Шли дни. Иногда его навещали ученики. Они чувствовали неловкость и смущение и спешили уйти. Они не знали, как относиться к учителю, сраженному его богом. Эли приходил каждый день. Симон внимательно наблюдал за ним. Он знал, что Эли сыграл важную роль в его судьбе, но не мог решить, какую именно. Друг ли он, которому можно доверять, или ловушка, которой Симону следует остерегаться? Он молился и просил наставления, но не получал его. Это было испытание. Он должен быть терпеливым.
Поначалу он так сильно страдал, что сохранять веру было трудно. Он постоянно напоминал себе, что наказание было справедливым. Так он думал. Он просил у Всевышнего знака. Он его получил. Всевышний был милосердным: не стал лишать его жизни.
Милосердным? Симон перевел взгляд в угол комнаты и тотчас отвел глаза, прежде чем они увидели то, что там стояло. Какая насмешка — ему, стремившемуся на небеса, послать в качестве спутника отвратительное существо из подземного мира! Но это справедливо, даже очень справедливо: разве не пытался он однажды прибегнуть к его помощи?

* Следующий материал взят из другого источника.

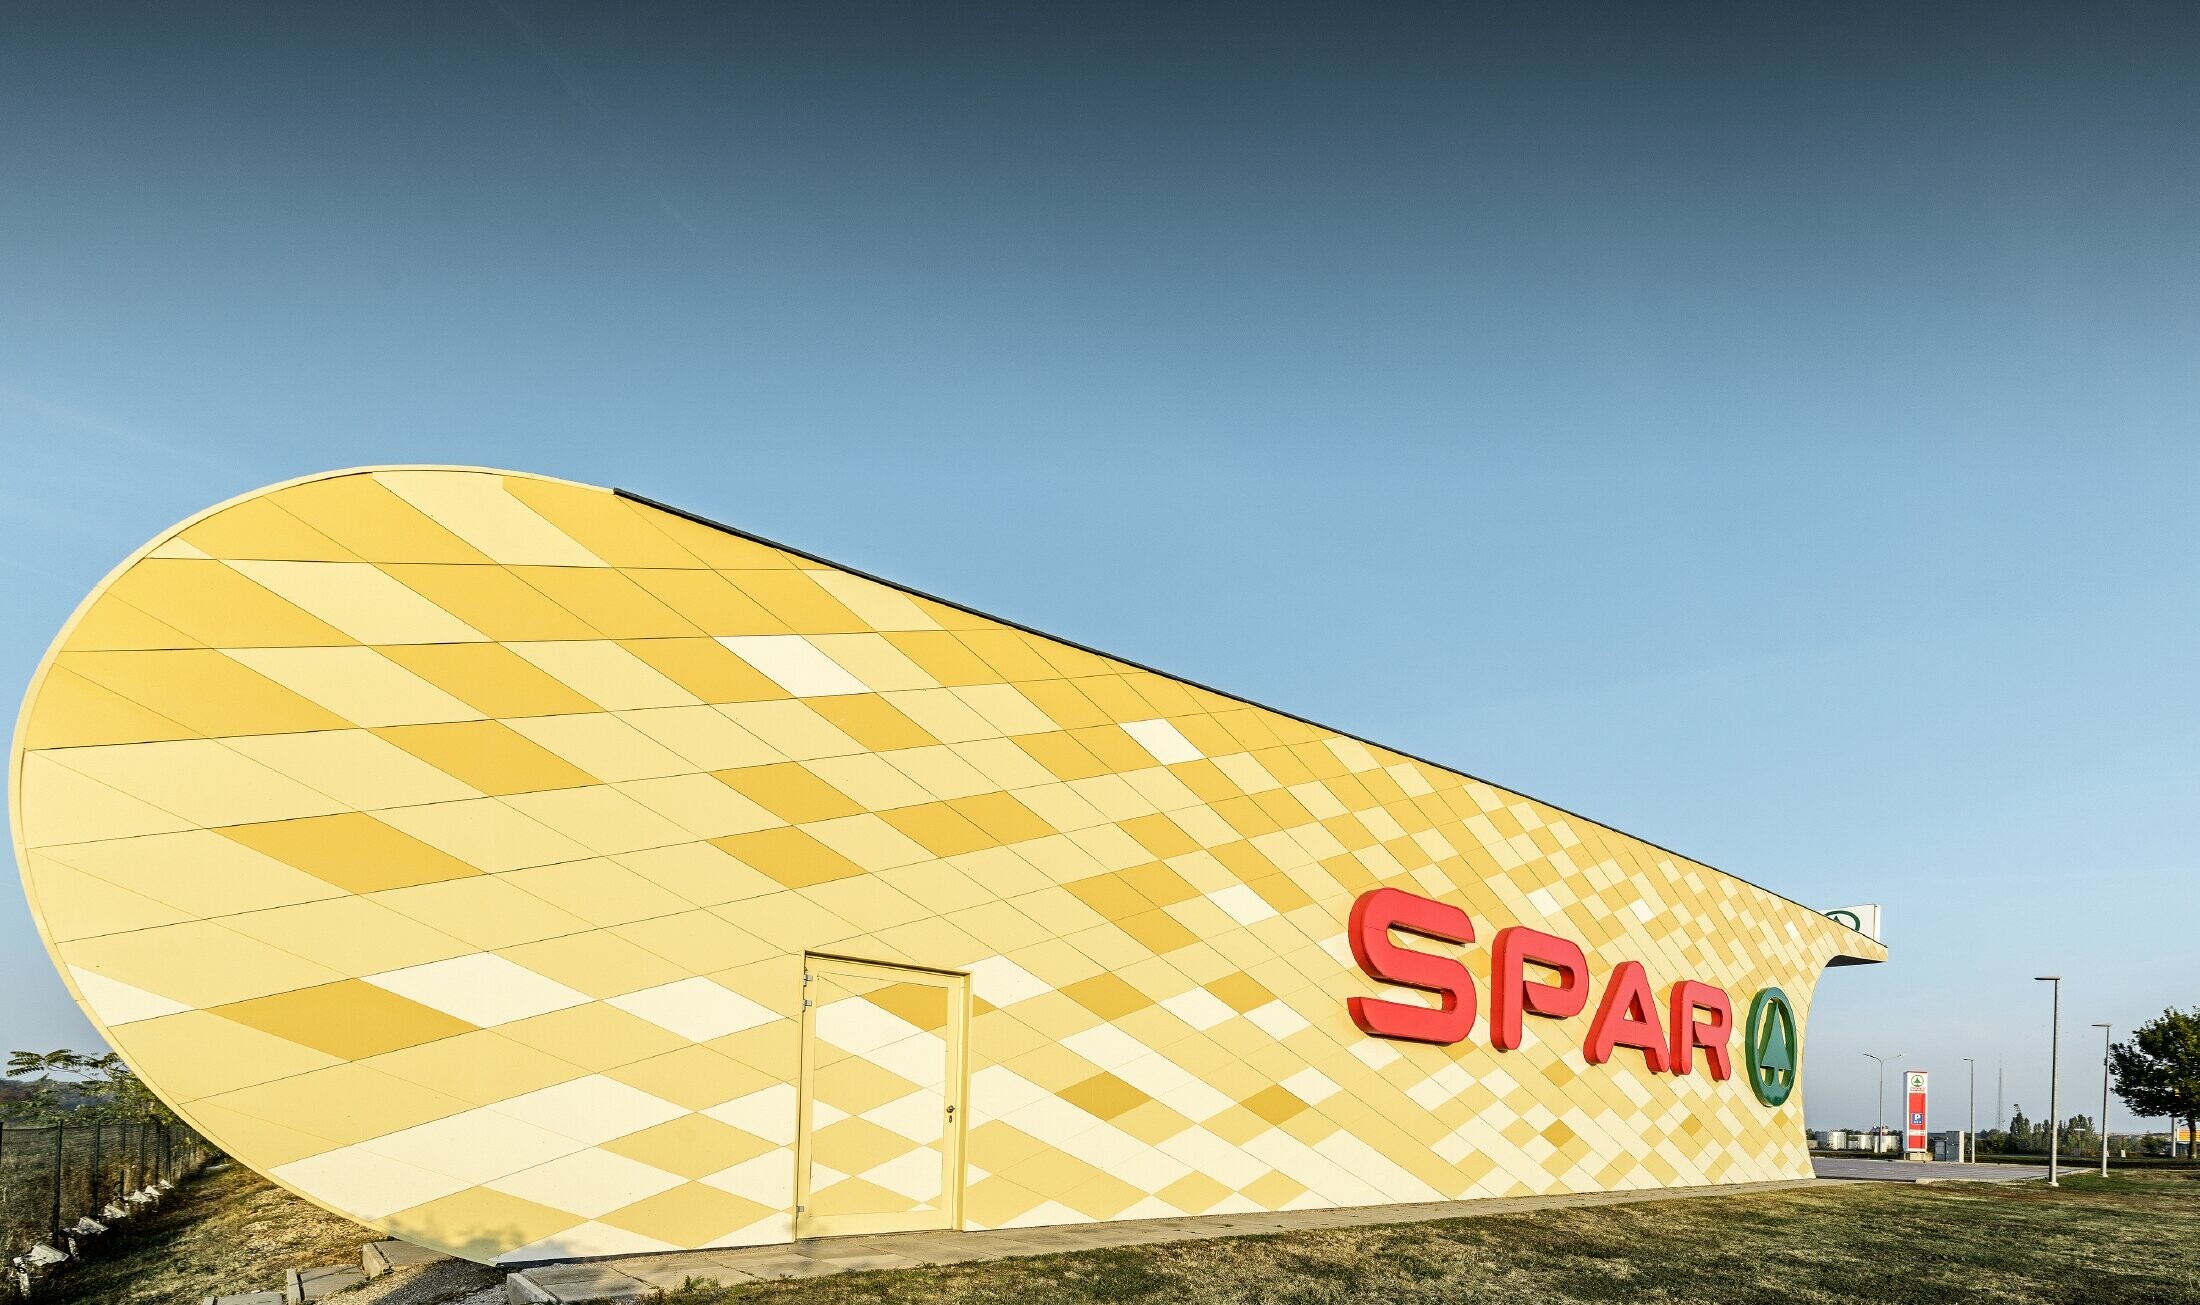 Spar Filiale mit einer Aluminiumfassade in gelb-orangen Karos und Spar Logo

Возможно, в награду за терпение его физическое состояние улучшалось. Сначала его бросало то в жар, то в холод и его тело было разделено на полярные зоны. Кожу его опалял постоянный жар, а внутри все было сковано льдом. Между зонами оставалось небольшое пространство, которое ему не принадлежало. Пространство постепенно уменьшалось. Жар на его коже понемногу остывал, и Симон перестал видеть по ночам его сияние. Тепло стало распространяться вовнутрь, и ледяные оковы начали слабеть. Он почувствовал, что его тело выздоравливает. Однажды Деметрий сказал:
— Я знаю одного человека по имени Филипп.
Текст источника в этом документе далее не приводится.